--- DATA SECTION ---

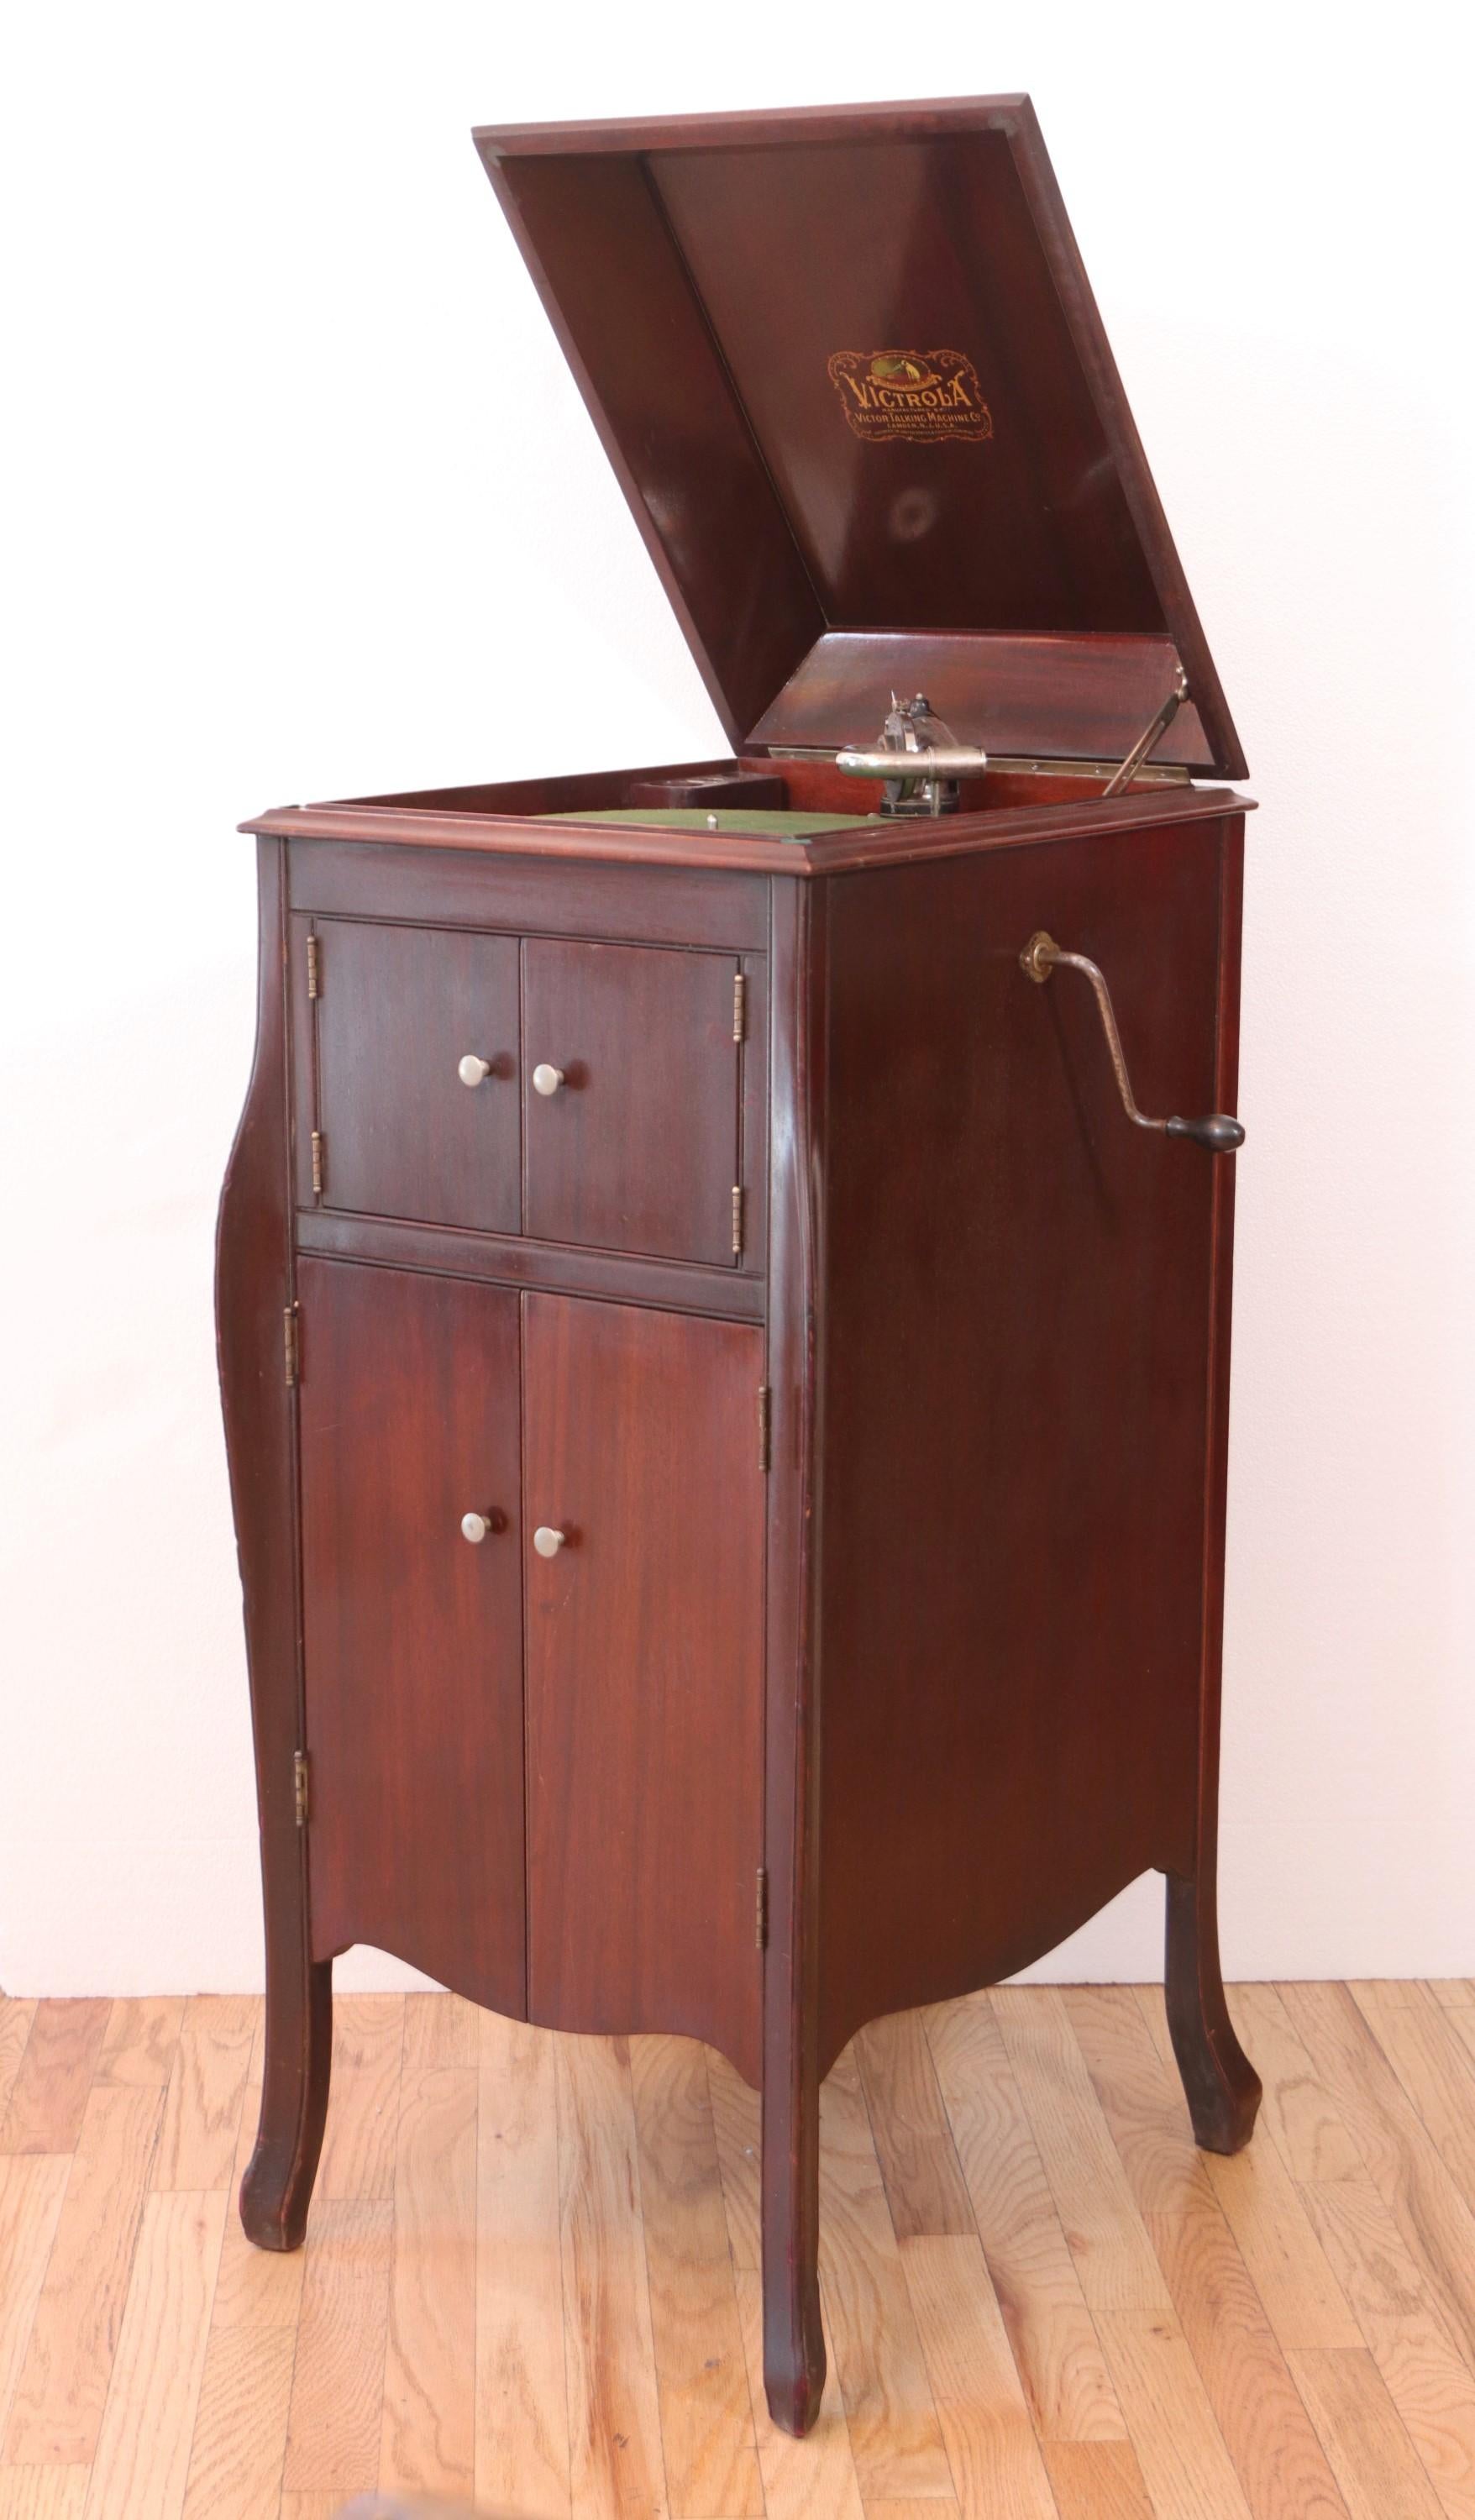 Victrola VV-X Floor-Model Phonograph by The Victrola Talking Machine Co. For Sale 2
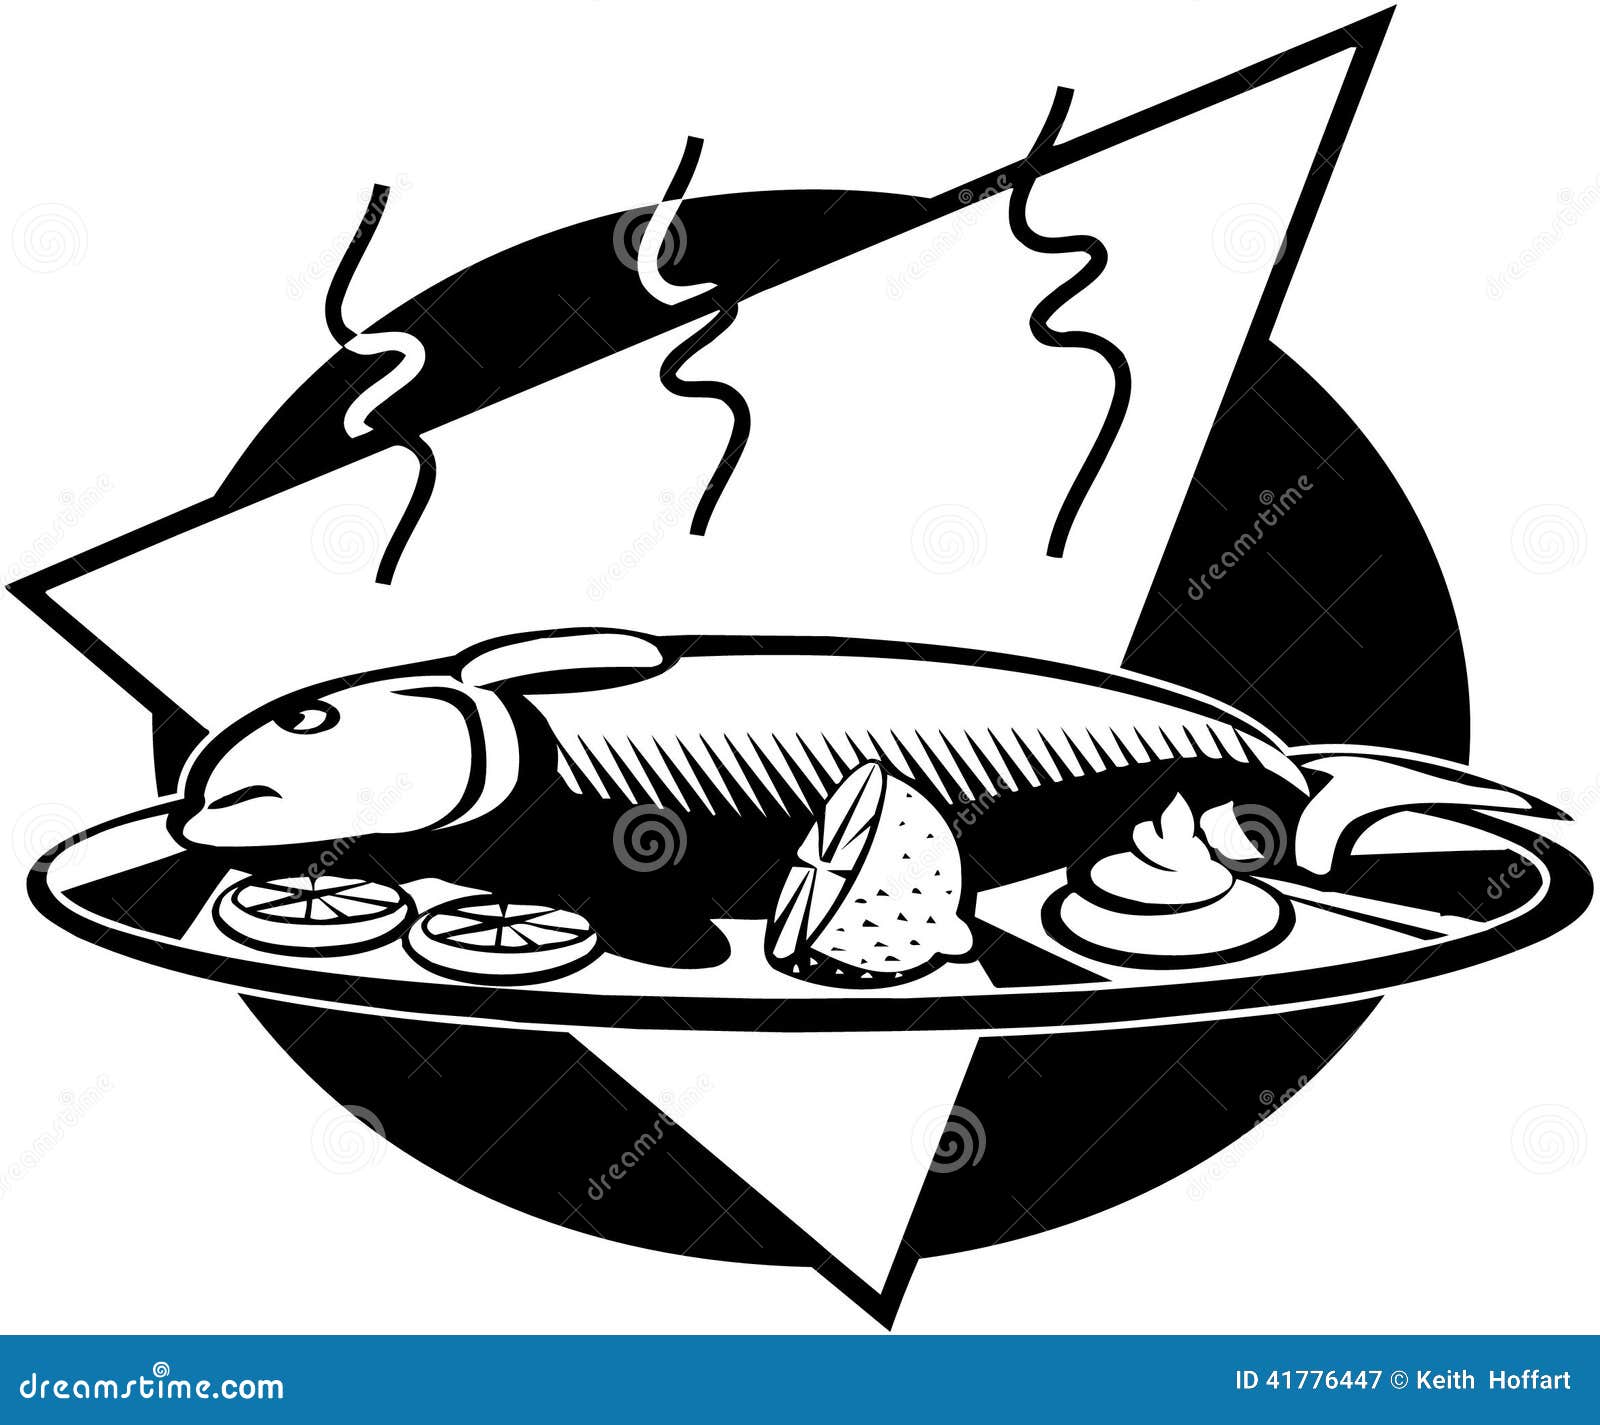 fish plate clipart - photo #32
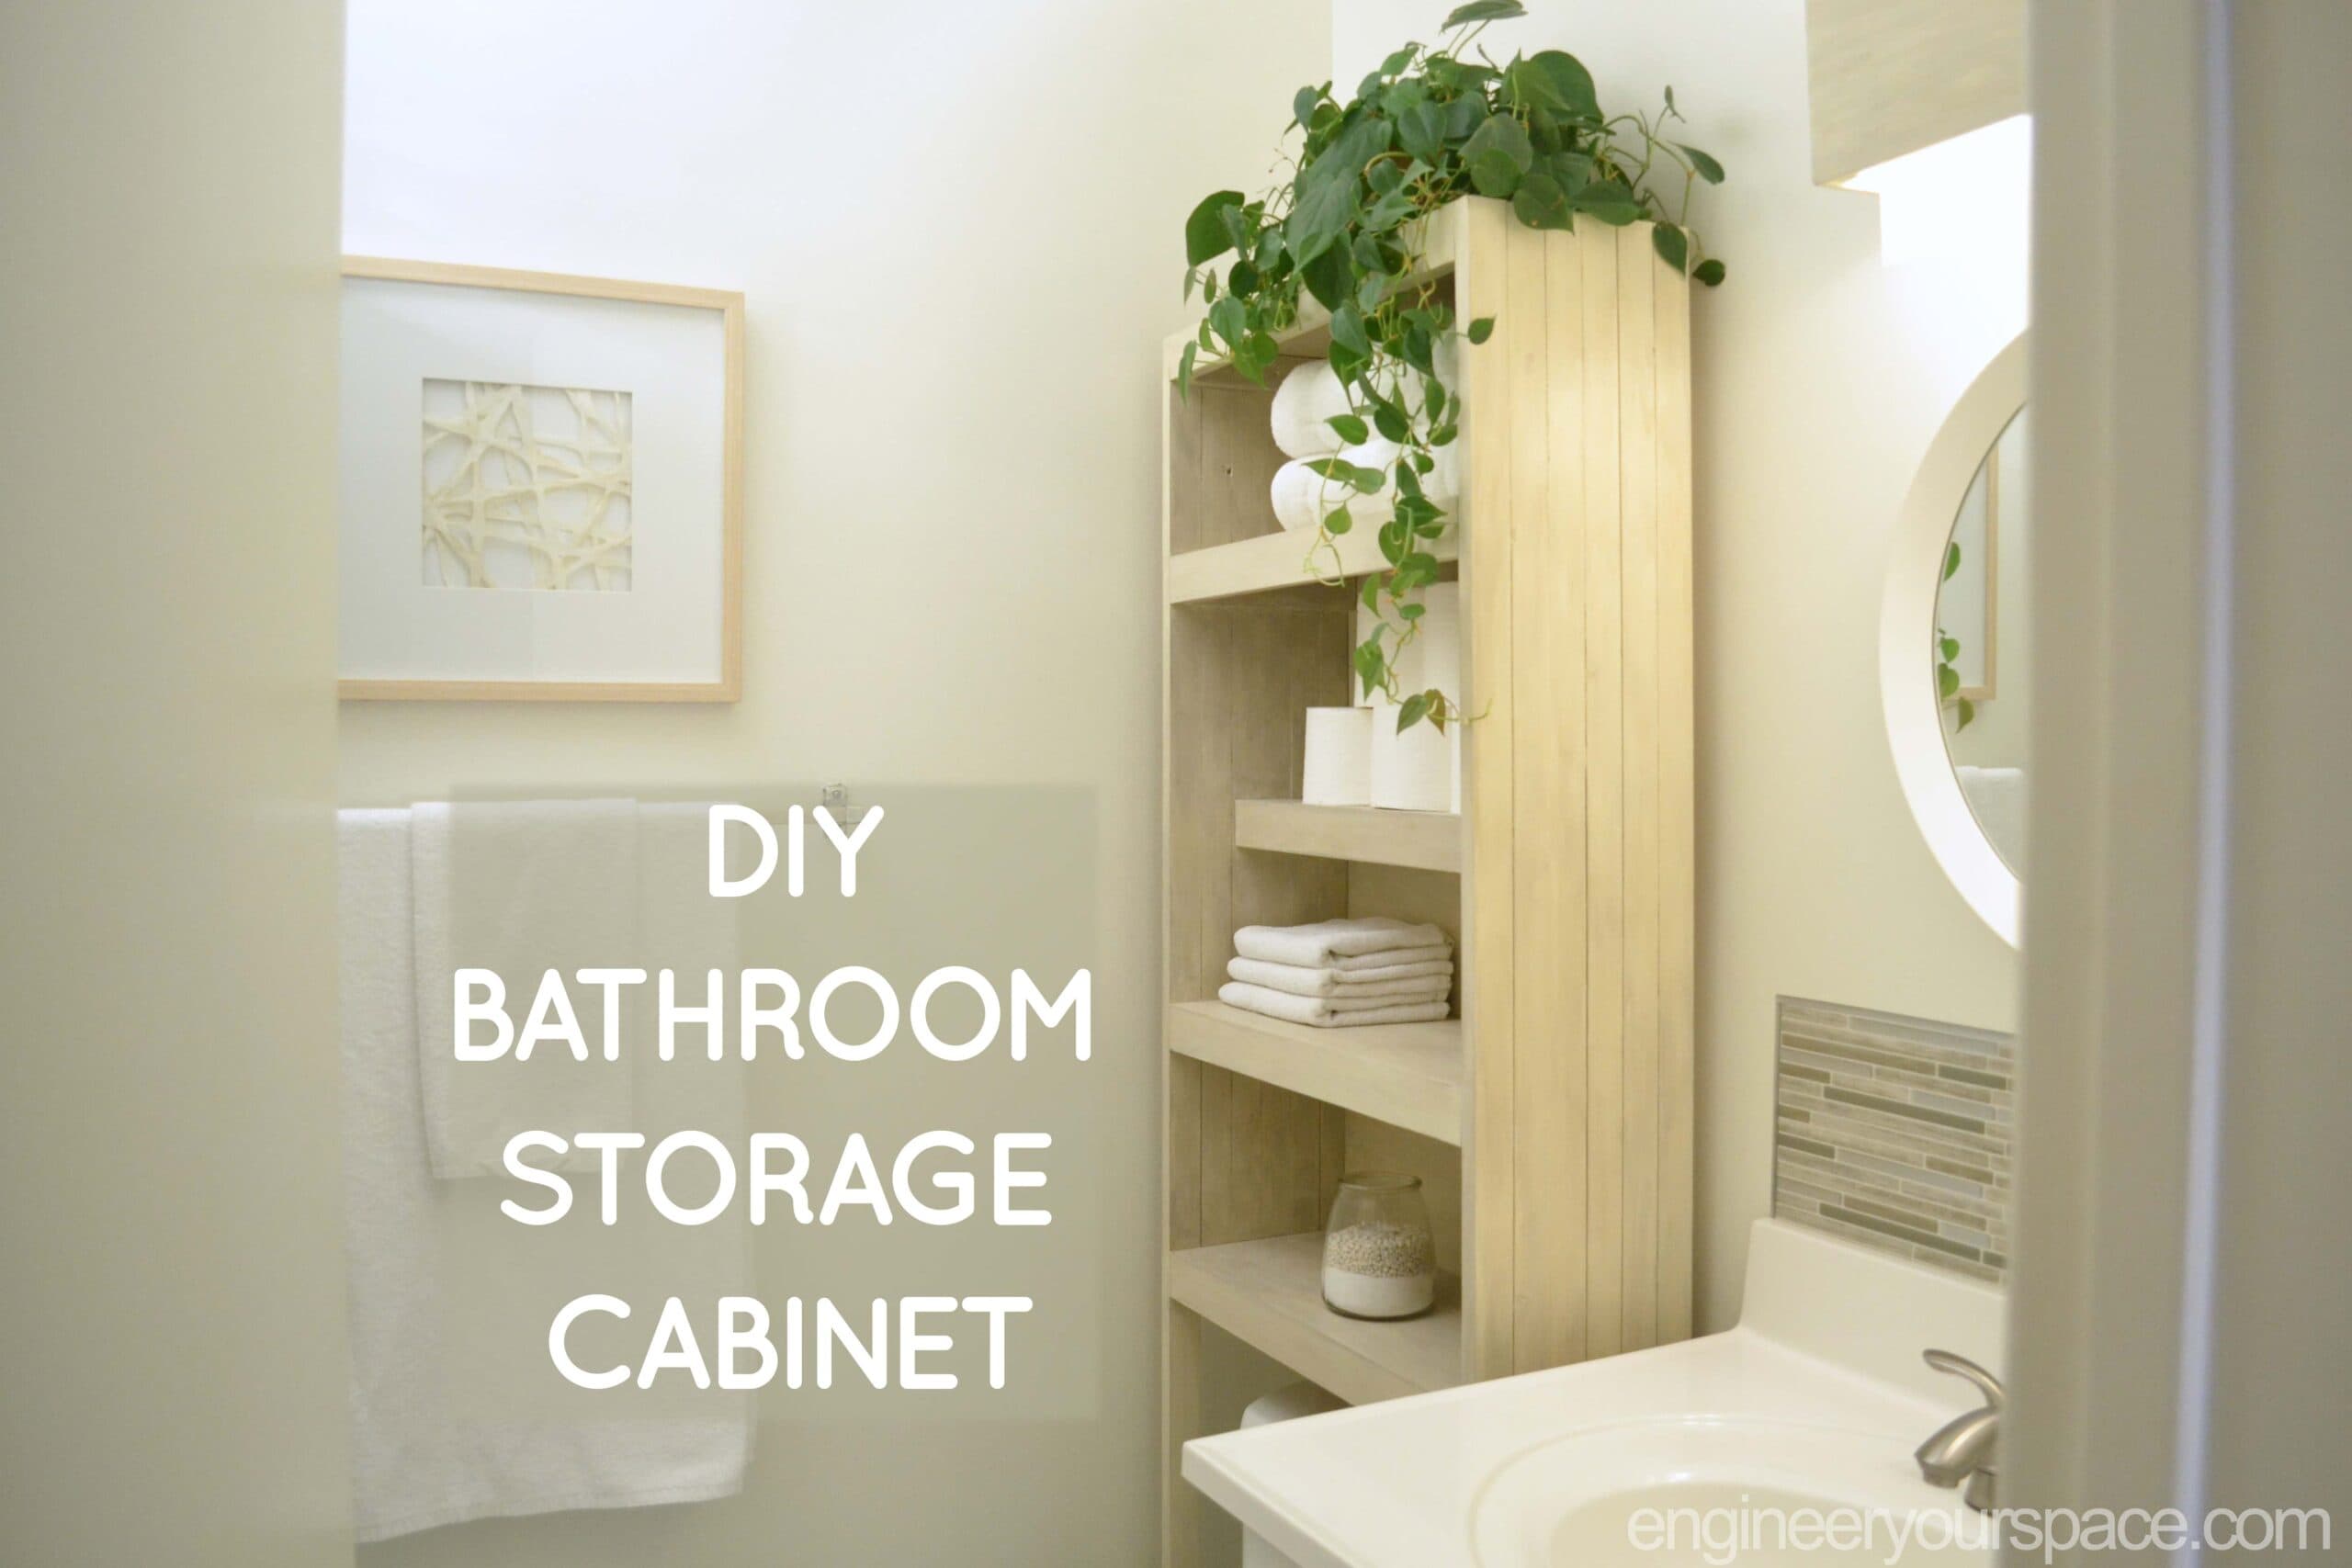 DIY over the toilet storage cabinet - Engineer Your Space

---

- _WHAT TO WORK ON_:
Copy each line above exactly, with no images.

- _SOLUTION FOR THIS TASK_:
 Victrola VV-X Floor-Model Phonograph by The Victrola Talking Machine Co. For Sale 2
 fish plate clipart - photo #32
 DIY over the toilet storage cabinet - Engineer Your Space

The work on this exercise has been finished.